И в третий раз мне пришлось тереть руками лицо.
- Именно поэтому я и пошёл на нашу сделку, - проговорил Мармората, едва я отнял руки от лица и снова посмотрел на него. – Пошёл с охотой. Я знаю, зачем вы здесь, и я теперь с вами затем же. Но остаётся опасность, - тут Мармората снова посмотрел на меня со своей странной улыбкой. - Остаётся опасность, что вы сами хотите сделать за меня марионетку, Магон. Я не согласен на это, я готов этому препятствовать. Мне совсем не хочется закончить жизнь в петле палача или тюремной камере после того, как я, отринув страх, помогу вам.
- Вы хотите гарантий?
- Конечно. Только какие вы мсожете давать гарантии в вашем положении? Нет, разумеется, вы рассчитываете на помощь ваших новообретённых приятелей. Это, кстати, забавно: память о них у вас стёрта, но тем не менее вы на них надеетесь, вам они не безразличны, вы им доверяете. Остаётся увериться в том, что вы не ошибаетесь. Так что вести речь о гарантиях преждевременно. Но и я вам никаких гарантий не дам – не скажу, что мы с вами в одной лодке, но в одинаковых – это уж точно. Мы не можем быть уверенными ни в чем. Мы не можем чувствовать себя свободными, но хотели бы. У нас обоих одна мысль: если нас кто-то и дёргает за ниточки, эти ниточки хорошо бы оборвать. И подсознательное ощущение заставляет вас возвращаться к вашим прежним привязанностям, а меня – к прежним – так скажем – моральным устоям. Но только вы напрасно ждёте помощи: у них вряд ли получится узнать, где именно находится профессорская лаборатория.
- А вы могли бы сказать им, - предложил я нахально.
- Скажу – и что дальше?
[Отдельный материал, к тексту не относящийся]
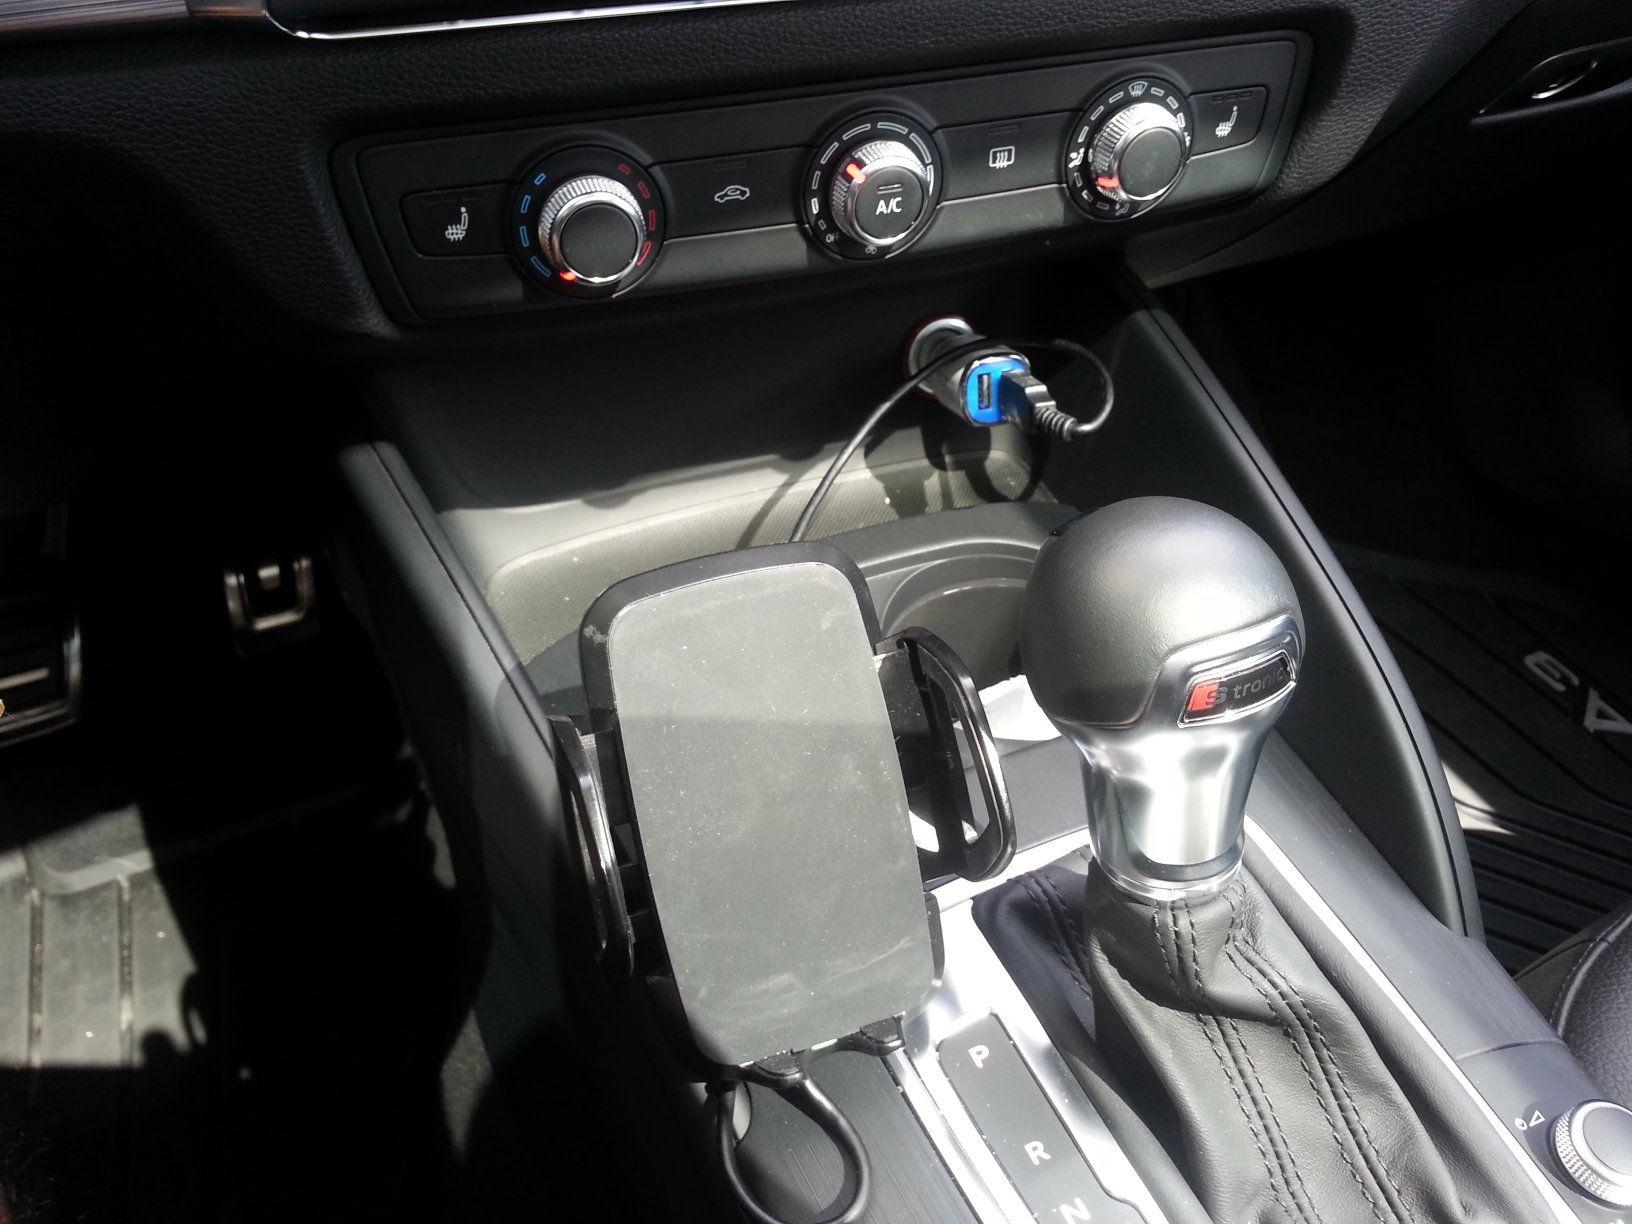 Iphone Mount AudiWorld Forums - Audi iphone 6 car mount

Наши охранники - это те самые жертвы эксперимента, наши подопытные кролики, наши зомби, не блещущие интеллектом. Им достаточно приказа для того, чтобы покончить с собой, а уж покончить с вашими друзьями…
Он помолчал и, вдруг встряхнув головой, принялся переставлять и сортировать химическую посуду, явно собираясь перейти от разговоров к работе.
- «Быть иль не быть», - процитировал я насмешливо.
- Шекспира помните, а Уотсона – нет, - хмыкнул Мармората. - Профессор – величина, он очень талантлив. Можно даже сказать… хотя нет, нельзя сказать. Для гения он слишком капризен, слишком тщеславен, но материала у него предостаточно, и после судьбы одного… нет, неважно, кого, но после его судьбы я не могу спокойно спать, меня не оставляет ощущение, что в один прекрасный день я чем-нибудь не угожу своему самопровозглашенному  патрону, и он подмешает мне пару таблеток, на чём моя карьера помощника и гуру бесславно закончится, а начнётся карьера слабоумного идиота с мокрыми штанами. Поэтому, да, мне нужны гарантии, без них я палец о палец не ударю.